**Instructions to follow**
Once you find the line below that has "1 von 3 kleinen", output it and every line after it exactly, stopping after the line that has "Glühbirnen sind nicht", with no pictures.

**Records for the task**
========================
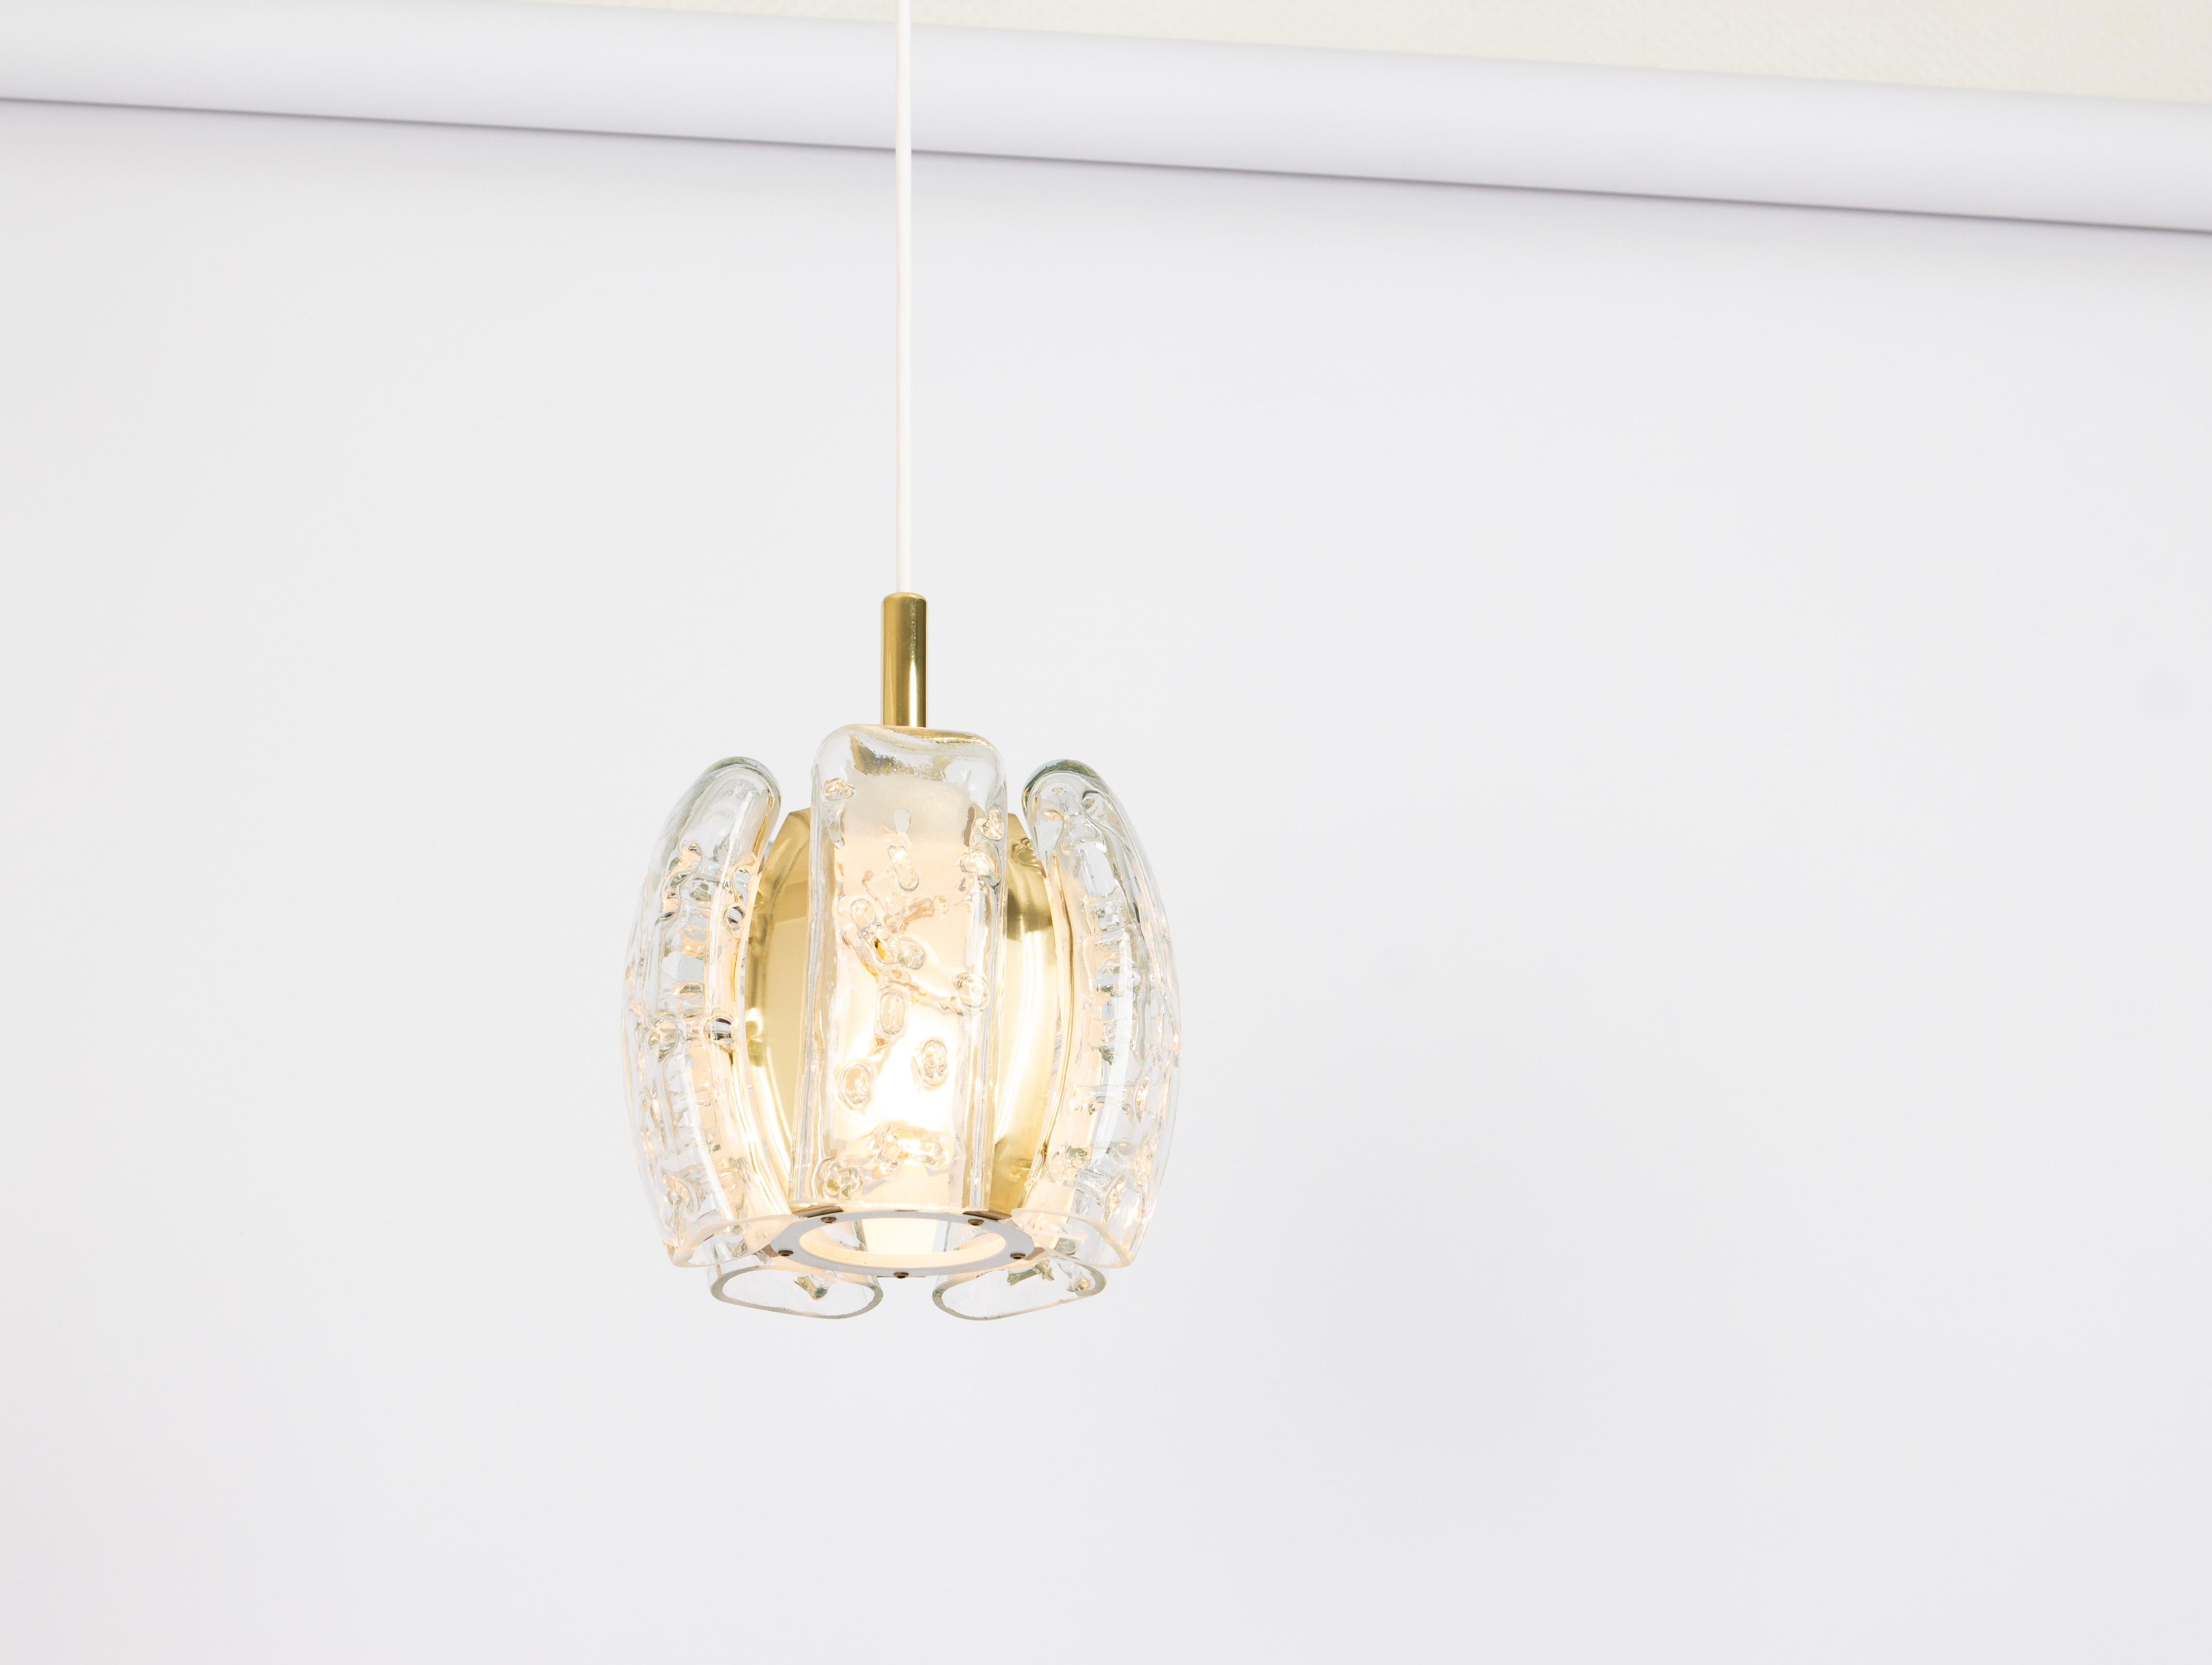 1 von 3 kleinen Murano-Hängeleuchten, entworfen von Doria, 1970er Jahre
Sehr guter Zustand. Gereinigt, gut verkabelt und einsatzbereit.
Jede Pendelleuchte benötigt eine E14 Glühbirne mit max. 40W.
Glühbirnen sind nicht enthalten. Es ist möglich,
========================
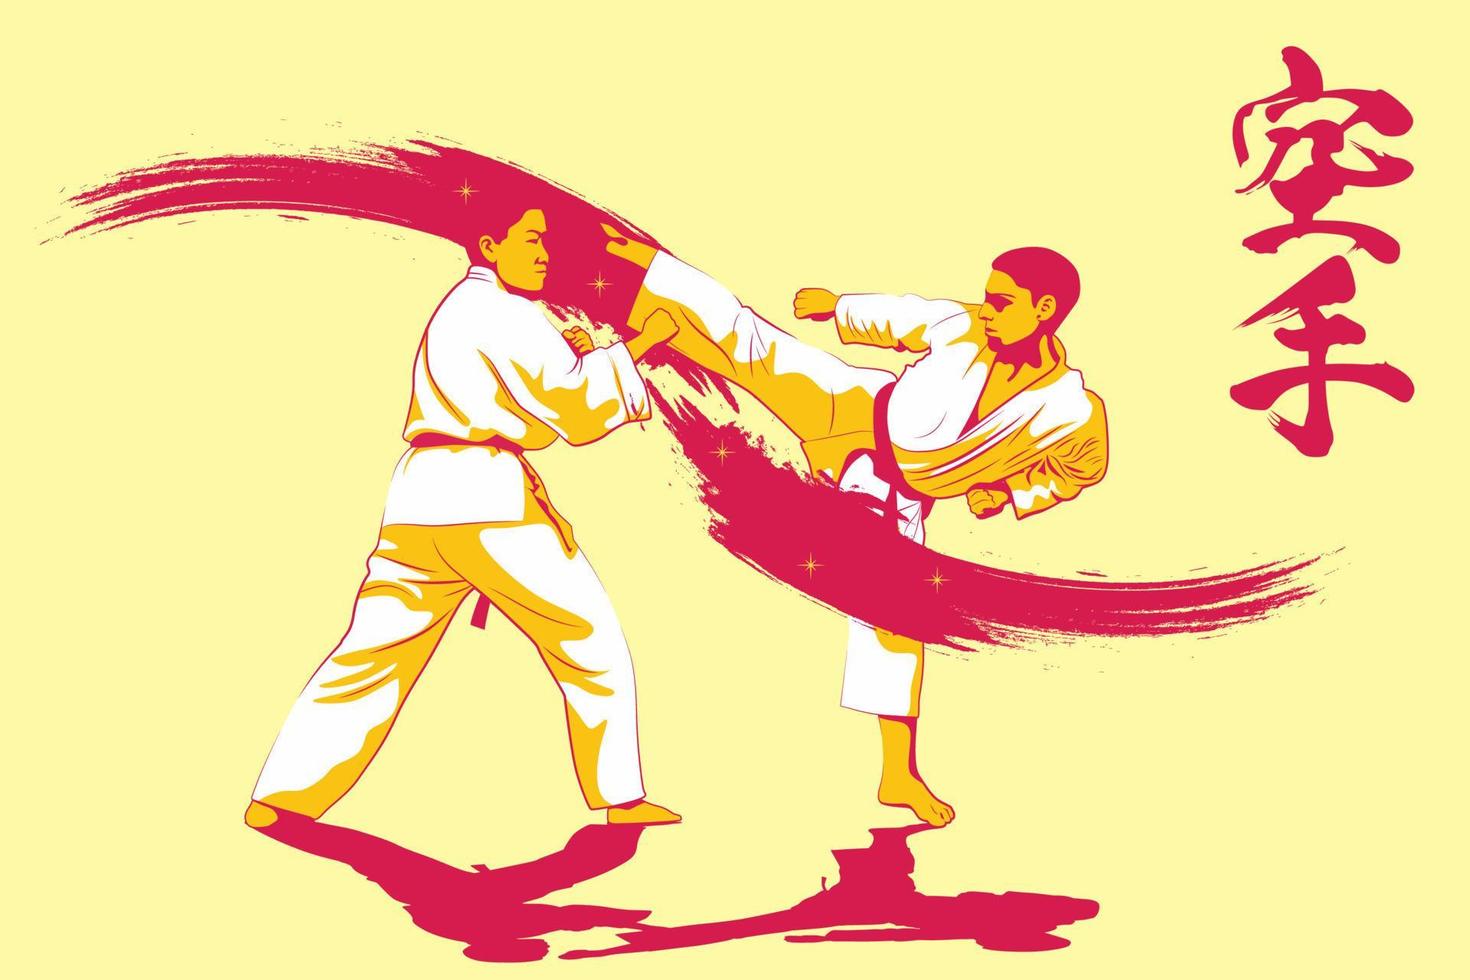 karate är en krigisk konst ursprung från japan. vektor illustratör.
========================
**Solution below**
 1 von 3 kleinen Murano-Hängeleuchten, entworfen von Doria, 1970er Jahre
Sehr guter Zustand. Gereinigt, gut verkabelt und einsatzbereit.
Jede Pendelleuchte benötigt eine E14 Glühbirne mit max. 40W.
Glühbirnen sind nicht enthalten. Es ist möglich,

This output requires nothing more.